5.11.6. Self Organizing Maps for data visualization (clip0243 action)

<< Click to Display Table of Contents >>

Navigation:  5. Detailed description of the Actions > 5.11. TA - R Visualization >

5.11.6. Self Organizing Maps for data visualization (clip0243 action)

 

Icon: ANATEL~3_img764  

 
Function: R_SOM
 

Property window:

 

ANATEL~3_img763

 

Short description:

 

Display (and optionnaly compute) a clustering using Self-Organizing-Map.

 

Long Description:

 

This Action is mainly for explanatory/teaching purposes.

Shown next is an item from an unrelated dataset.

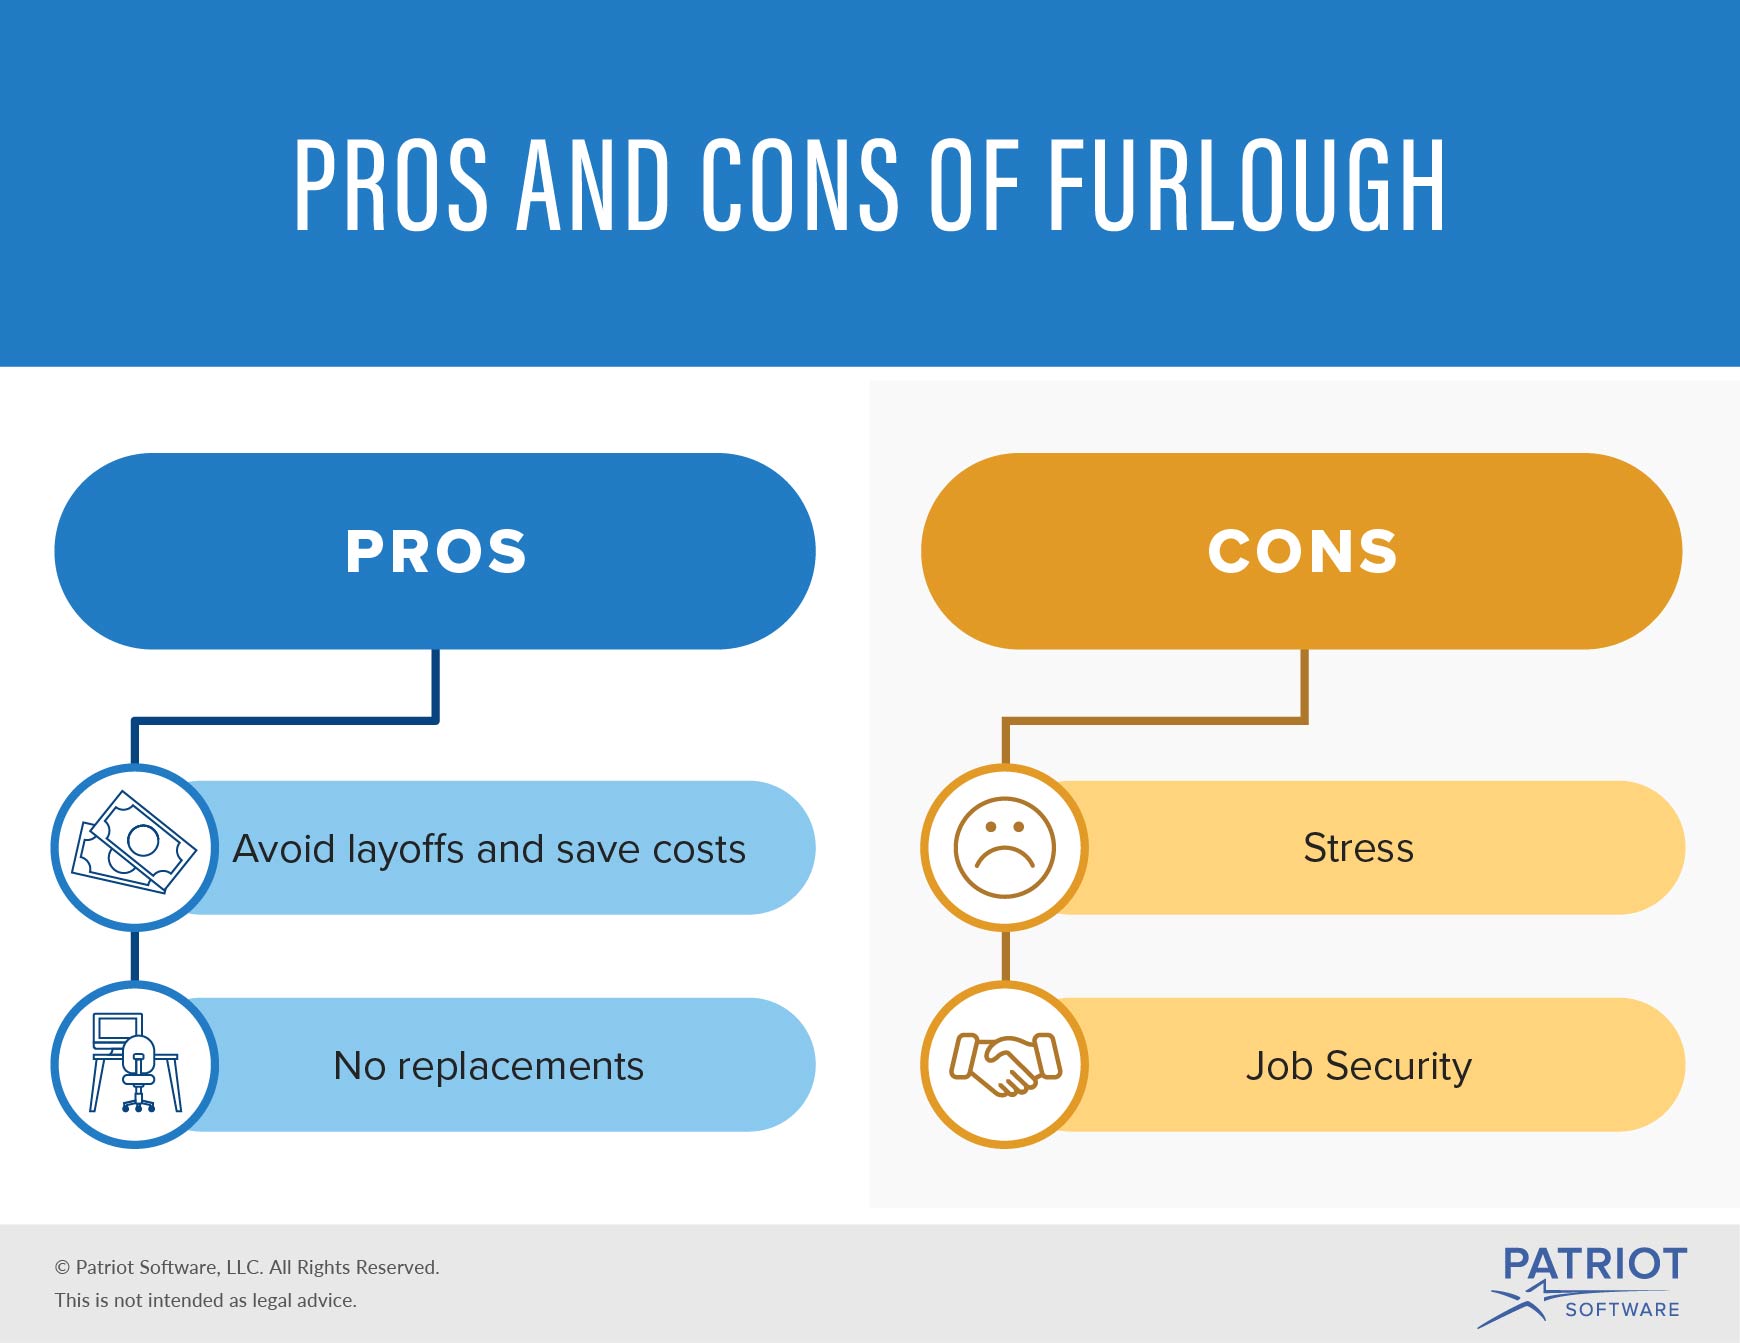 What Is Furlough? Furlough definition, Pros, Cons, & More

If you want to create a better segmentation, you should use Stardust.

 

SOM (Self Organizing Maps), or Kohonen Maps, are a crude form of dimension reduction. The multivariate space is reduced to two dimensions with a preset number of ordinal categories, and the density is then represented by a heat map.

 

The objective of the SOM action is, mainly, to illustratre, using nice colors, some meaningful segments created with another segmentation algorithm (such as K-means, Wards, etc.). Do no use the SOM action to actually compute any segmentation because it will most likely find a segmentation that does not really exists in your dataset (i.e. the SOM algorithm is one of the worst algorithm that you can find to discover the true segments hidden in your datasets).

 

In this implementation, we are using the CLASS and KOHONEN packages in R, which allow for the following settings:
 

Variables (continuous) to send to SOM: select the variables on which to compute the Kohonen space. The variables must be numerical
 

Generate Cluster Solution:

1.NO Clustering: this will generate a neat Kohonen map, nothing tricky about it.

2.Apply Cluster Variable: the space generated in step 1 is respected, but we will apply the cluster membership from the previously computed segment

3.FORCE Cluster solution: we will force the segment structure to affect the kohonen space, ensuring segments are well represented, but at the cost of a harder to read map

4.Compute from SOM: this will run a hierarchical clustering on the available data, respecting the original Kohonen space, but at the risk of having segments that may not exist. DO NOT USE THIS OPTION since it will generate poor quality segments.

 
How Many Segments: Select the number of segments to compute. If you force a variable, this value is overruled.

 
Include Pre-computed cluster group: Select the variable with (numerical) cluster membership

Center and scale variables: self explanatory. Although this feature is mostly used when variables are on different scales, it usually gives better maps when used.

 
SOM Grid Format: Select the topologuy of the SOMGRID object, Circular or hexagonal.

 
SOM Grid X: Select how many nodes will be included on the X axis.

 
SOM Grid Y: Select how many nodes will be included on the Y axis.

 
Grid Length: the number of times the dataset will be presented to the network

 
Plot distance Neighborhood: choose wheter to output the distance plot. Plot show how distant each node is from its neighbors. In this example, the lighter the color, the larger the distance, hence the first two nodes of the second line, and the last 4 nodes of the first two lines are relatively far from the rest of the distribution.

 

ANATEL~3_img765

 

 

Plot Count Per Cell: each node typically includes a variable number of respondents (records). This chart give a good feel of how unbalanced the map is. The lighter the color, the higher the number (the lower right portion has cells of over 800 records, while the left corners have small groups of less than 200 records)

 

ANATEL~3_img766

 

Generate One window Per Chart: Select if you want each variable in a separate map, or a map with all the variables next to one another

Number of charts per rows: if you did not select the previous option, this sets how many chart per rows will be included in the plot window.

Seed: set the random seed so you can reproduce the exact same map, or set other starting value if you do not like the results.